MPI job with specified node tolerations
Arena supports submiting a job and the job tolerates k8s taints nodes(Currently only support mpi job and tf job), the following steps can help you how to use this feature.
1. query k8s cluster information.
$ kubectl get nodes
NAME STATUS ROLES AGE VERSION
cn-beijing.192.168.3.225 Ready master 2d23h v1.12.6-aliyun.1
cn-beijing.192.168.3.226 Ready master 2d23h v1.12.6-aliyun.1
cn-beijing.192.168.3.227 Ready master 2d23h v1.12.6-aliyun.1
cn-beijing.192.168.3.228 Ready <none> 2d22h v1.12.6-aliyun.1
cn-beijing.192.168.3.229 Ready <none> 2d22h v1.12.6-aliyun.1
cn-beijing.192.168.3.230 Ready <none> 2d22h v1.12.6-aliyun.1
2. give some taints for k8s nodes,for example: give taint "gpu_node=invalid:NoSchedule" to node "cn-beijing.192.168.3.228" and node "cn-beijing.192.168.3.229",give taint "ssd_node=invalid:NoSchedule" to node "cn-beijing.192.168.3.230",now all k8s pod can't schedule to these nodes.
$ kubectl taint nodes cn-beijing.192.168.3.228 gpu_node=invalid:NoSchedule
node/cn-beijing.192.168.3.228 tainted
$ kubectl taint nodes cn-beijing.192.168.3.229 gpu_node=invalid:NoSchedule
node/cn-beijing.192.168.3.229 tainted
$ kubectl taint nodes cn-beijing.192.168.3.230 ssd_node=invalid:NoSchedule
node/cn-beijing.192.168.3.230 tainted
3. when submitting a job with option --toleration
, you can tolerate some nodes which exists taints.

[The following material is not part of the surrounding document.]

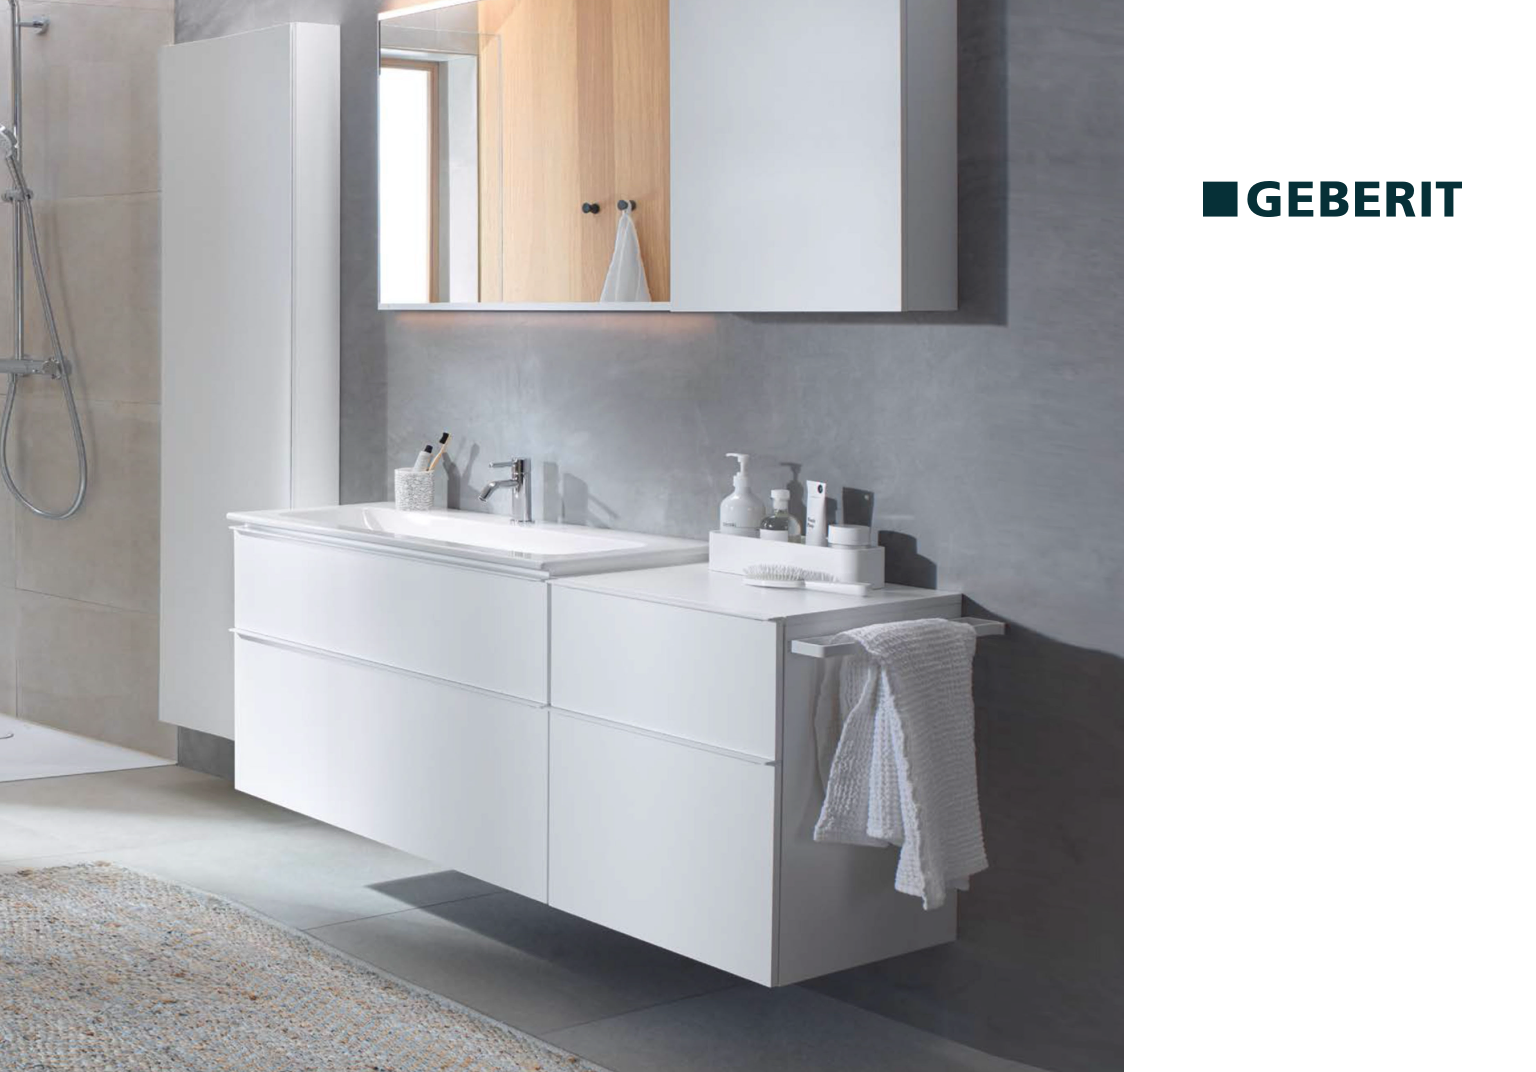 Geberit is a Swiss multinational group specialized in manufacturing and supplying sanitary parts and related products.

$ arena submit mpi --name=mpi-dist \
--gpus=1 \
--workers=1 \
--toleration ssd_node \
--image=registry.cn-hangzhou.aliyuncs.com/tensorflow-samples/horovod:0.13.11-tf1.10.0-torch0.4.0-py3.5 \
--tensorboard \
--loglevel debug \
"mpirun python /benchmarks/scripts/tf_cnn_benchmarks/tf_cnn_benchmarks.py --model resnet101 --batch_size 64 --variable_update horovod --train_dir=/training_logs --summary_verbosity=3 --save_summaries_steps=10"
4. query the job details.
$ arena get mpi-dist
STATUS: RUNNING
NAMESPACE: default
PRIORITY: N/A
TRAINING DURATION: 29s
NAME STATUS TRAINER AGE INSTANCE NODE
mpi-dist RUNNING MPIJOB 29s mpi-dist-launcher-jgms7 192.168.3.230
mpi-dist RUNNING MPIJOB 29s mpi-dist-worker-0 192.168.3.230
Your tensorboard will be available on:
http://192.168.3.225:30052
the instances of job are running on node cn-beijing.192.168.3.230(ip is 192.168.3.230,taint is ssd_node=invalid).
5. you can use --toleration
multiple times,for example: you can use "--toleration gpu_node --toleration ssd_node" when submitting a job,it represents that the job tolerates nodes which own taint "gpu_node=invalid" and taint "ssd_node=invalid".
$ arena submit mpi --name=mpi-dist \
--gpus=1 \
--workers=1 \
--toleration ssd_node \
--toleration gpu_node \
--image=registry.cn-hangzhou.aliyuncs.com/tensorflow-samples/horovod:0.13.11-tf1.10.0-torch0.4.0-py3.5 \
--tensorboard \
--loglevel debug \
"mpirun python /benchmarks/scripts/tf_cnn_benchmarks/tf_cnn_benchmarks.py --model resnet101 --batch_size 64 --variable_update horovod --train_dir=/training_logs --summary_verbosity=3 --save_summaries_steps=10"
6. query the job details.
$ arena get mpi-dist
STATUS: RUNNING
NAMESPACE: default
PRIORITY: N/A
TRAINING DURATION: 29s
NAME STATUS TRAINER AGE INSTANCE NODE
mpi-dist RUNNING MPIJOB 29s mpi-dist-launcher-jgms7 192.168.3.229
mpi-dist RUNNING MPIJOB 29s mpi-dist-worker-0 192.168.3.230
Your tensorboard will be available on:
http://192.168.3.225:30052
Note
you can use "--toleration all" to tolerate all node taints.